Я имею в виду прот. Георгия Митрофанова, чьё почти полуторачасовое интервью я послушал благодаря
ссылке в
ФБ Л.И.Блехера.К сожалению, среди русского священства мало найдётся людей, способных не только к пастырскому служению, но и к глубокому и выстраданному взгляду на действительность. Первое и главное, на мой взгляд, впечатление от этого интервью - вот говорит свободный человек. Свободный, самостоятельно и нетрафаретно мыслящий, смелый в оценках и не стесняющийся сказать «я не знаю» - последнее в наши дни встречается не чаще владения древнекитайским.
Тем горше услышать и от него, что «исторической России больше нет», что происходящее в стране уже не затрагивает его так глубоко как прежде, поскольку, в любом случае, речь идёт не о той стране, которую он воспринимал бы как родину в подлинном, не паспортном, смысле слова.

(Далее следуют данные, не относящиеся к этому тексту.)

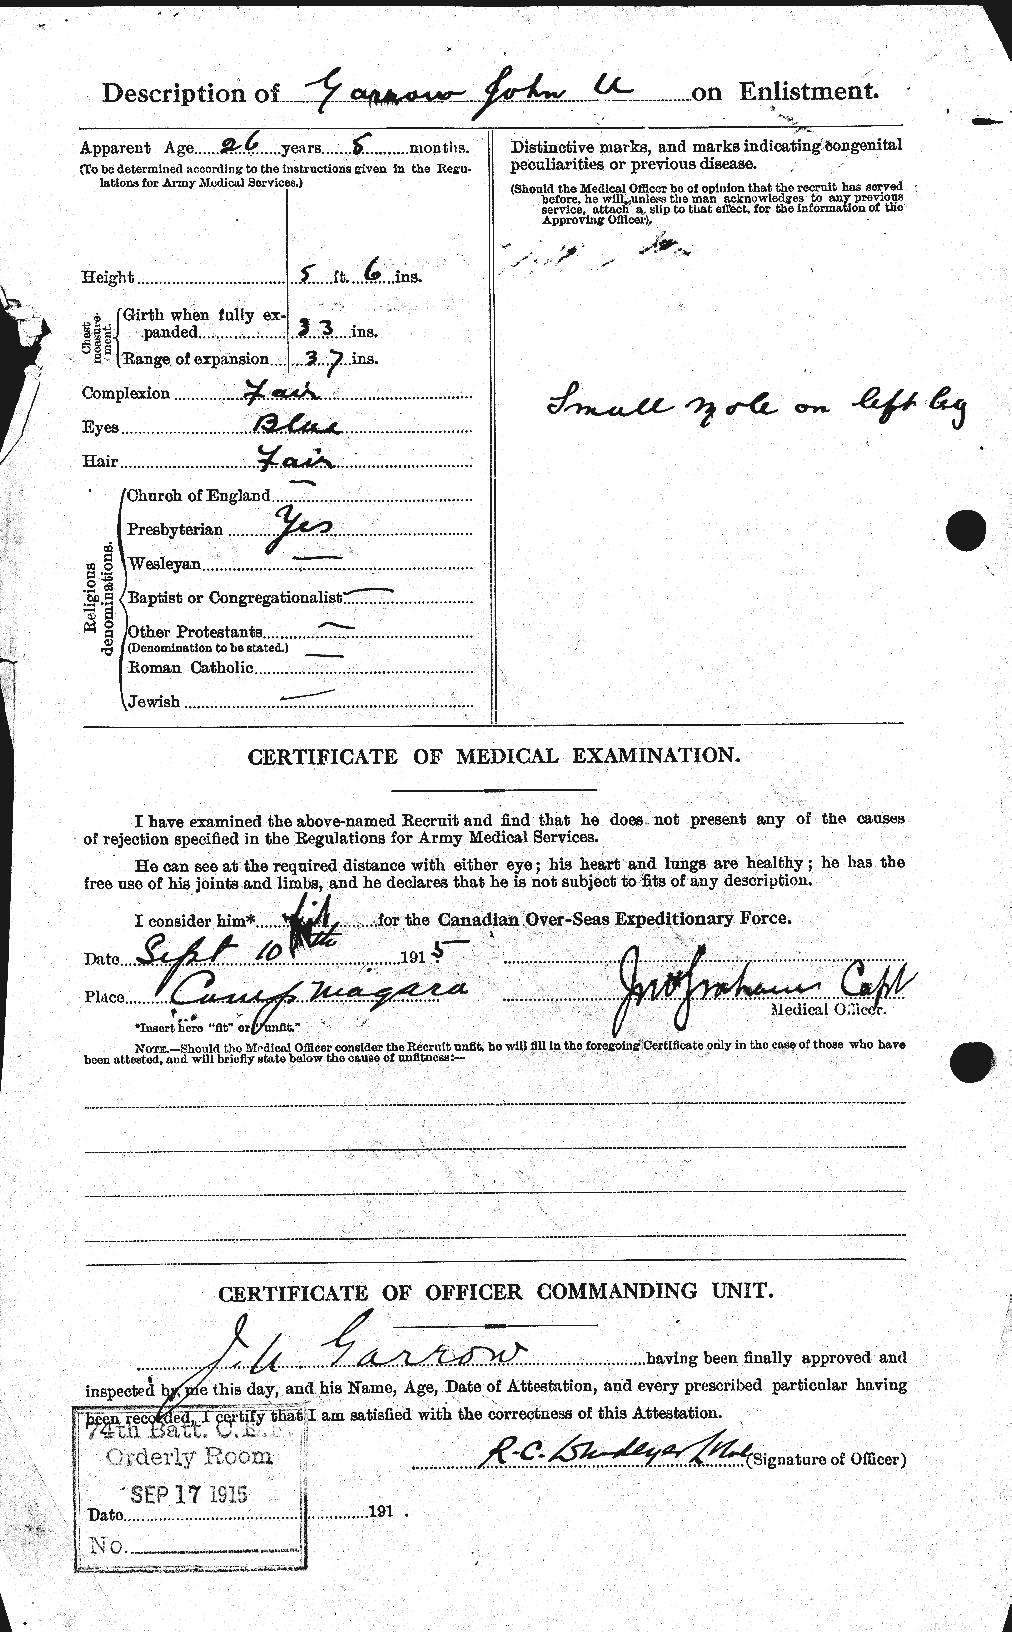 Dossiers du Personnel de la Première Guerre mondiale - CEC 343476b
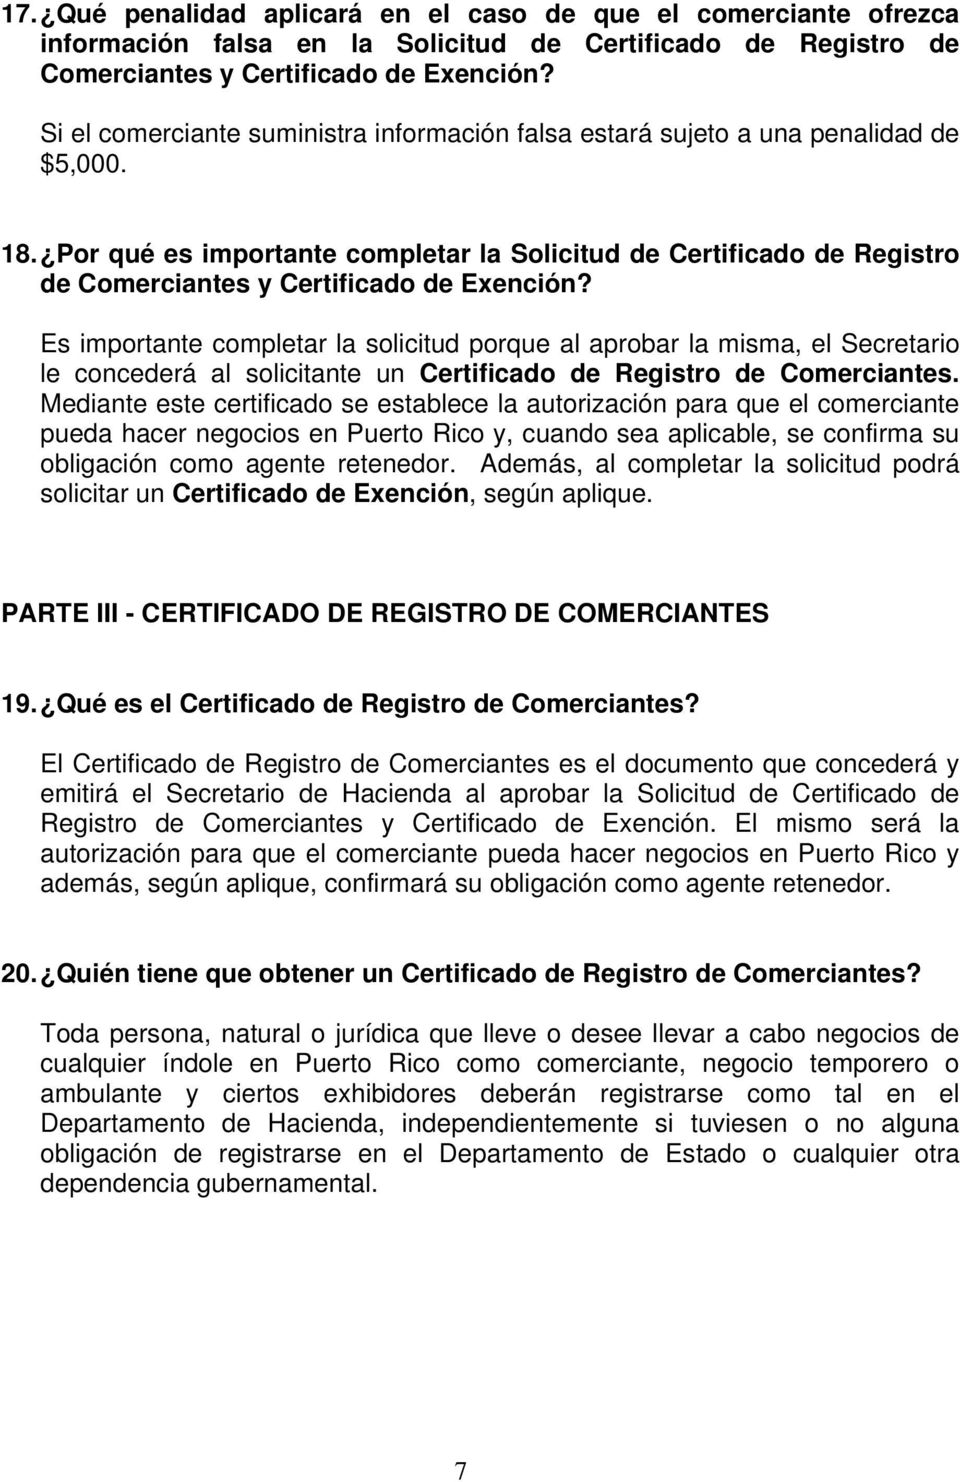 Por qué es importante completar la Solicitud de Certificado de Registro de Comerciantes y Certificado de Exención?
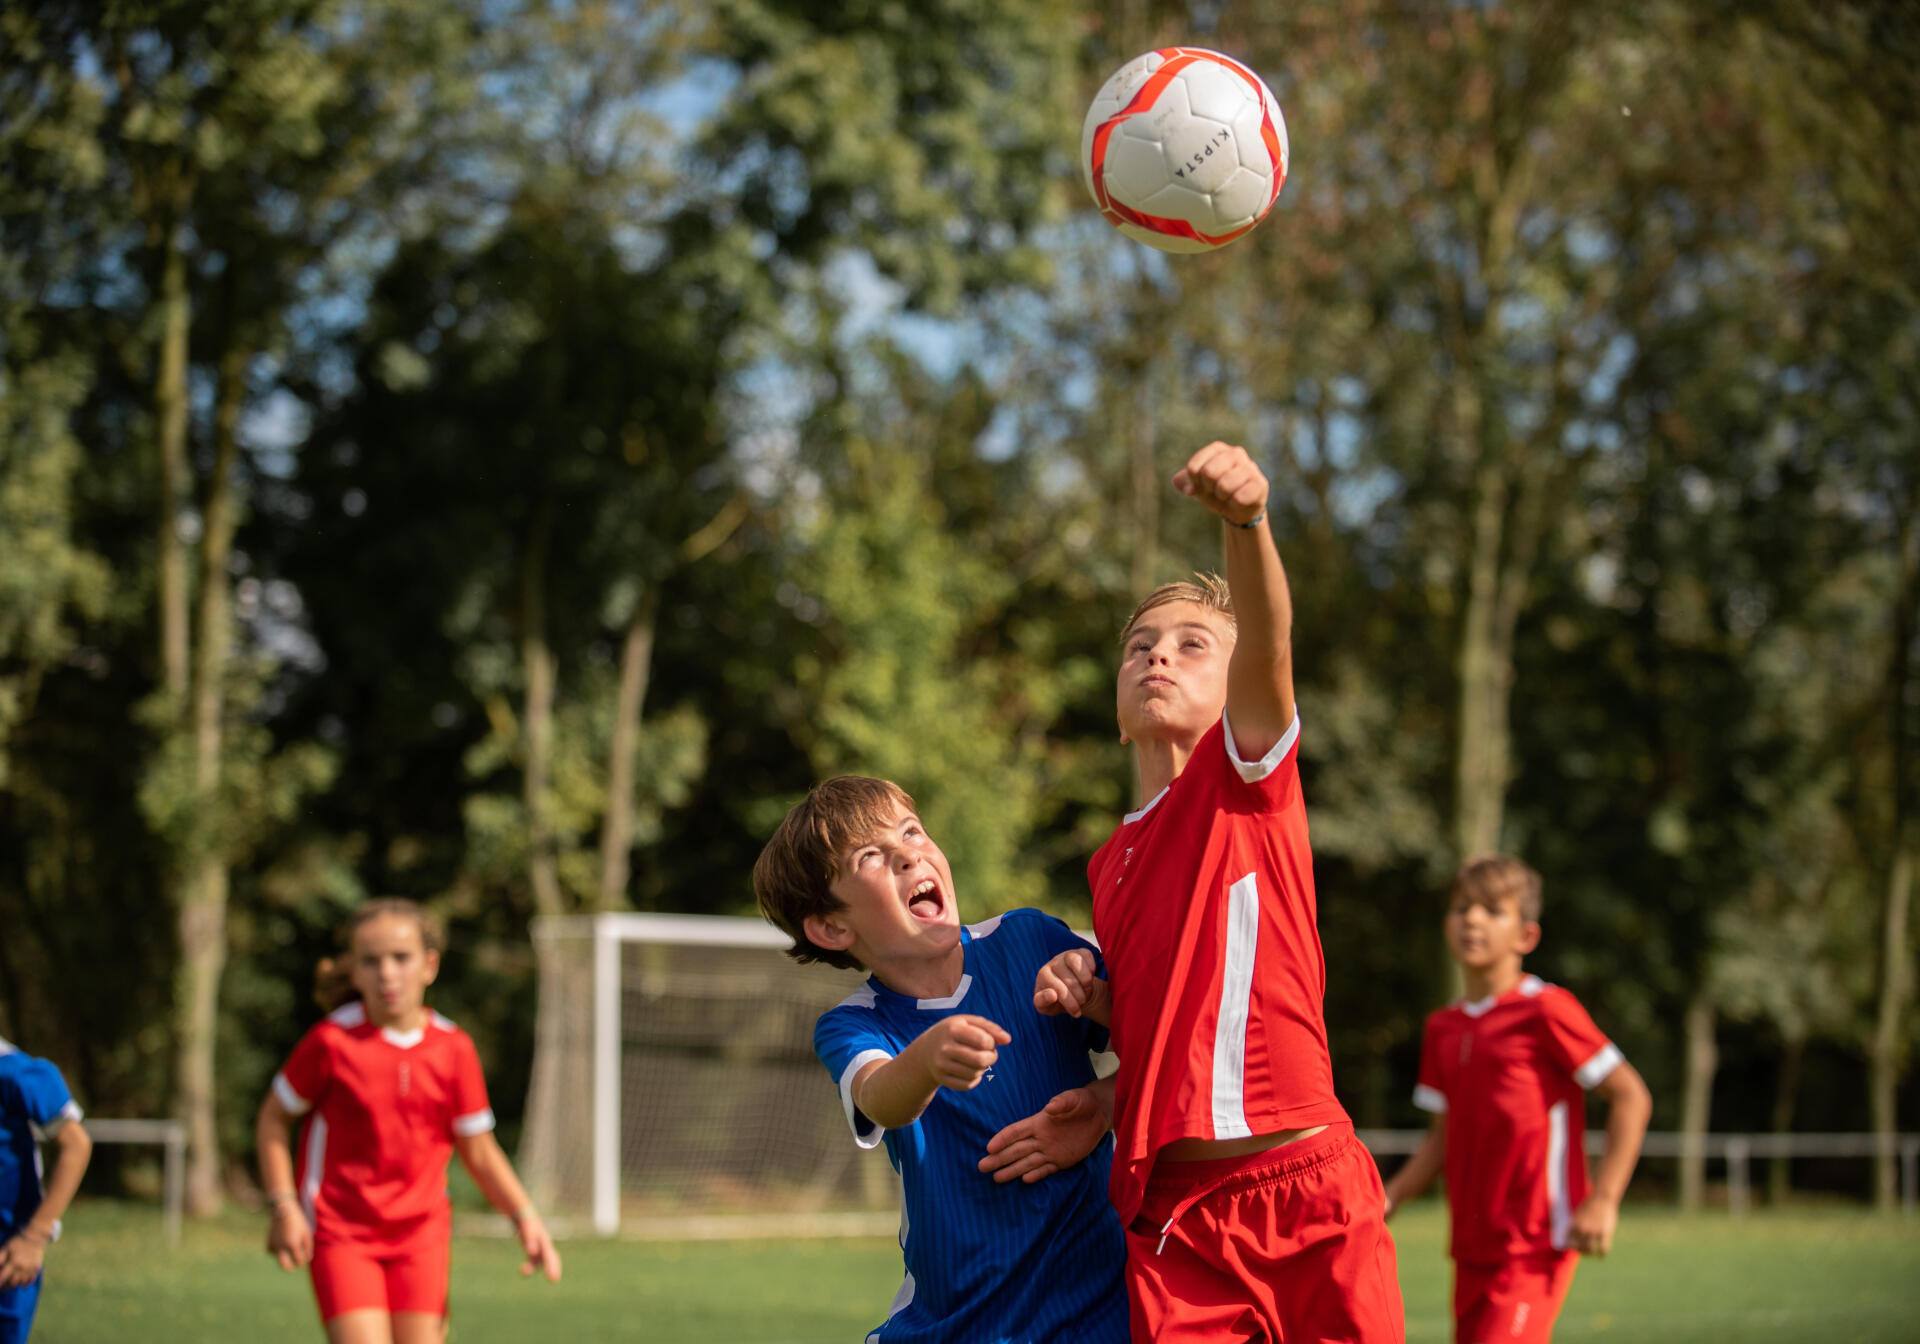 ¿Cuál es el deporte ideal para niños según su personalidad?

Естественно, вопрос о Крыме («Чей Крым?») звучит на этом фоне примерно как вопрос врача в известном несмешном анекдоте - «Пропотел ли больной перед смертью?». Тем не менее, ответ на него он даёт, и ответ блестящий - в рамках предлагаемой концепции, разумеется: «Крым сдан» (из одной из последних телеграмм барона П.Н.Врангеля перед эвакуацией).
Мне бы не хотелось выступить в качестве дурного литературного критика: «Конечно, г-н N - великий писатель (глубокий философ, гениальный учёный и т. д.), но вот здесь он, в силу своей классовой ограниченности (скованности религиозными предрассудками, национальной предвзятости, духа времени и т. п.) ошибается; впрочем, это дело поправимое, сейчас я вам всё растолкую». Если о. Георгий пришёл к тем выводам, к которым пришёл, значит, имел для этого веские основания. Тем не менее, именно из уважения к нему, я не могу просто принять его точку зрения к сведению и более к ней не возвращаться (кстати, единственно правильная стратегия в 90% случаев), тем более, что, при всей своей внутренней противоречивости (о которой ниже), вопрос об исторической преемственности, по-моему, на сегодняшний день - из самых важных.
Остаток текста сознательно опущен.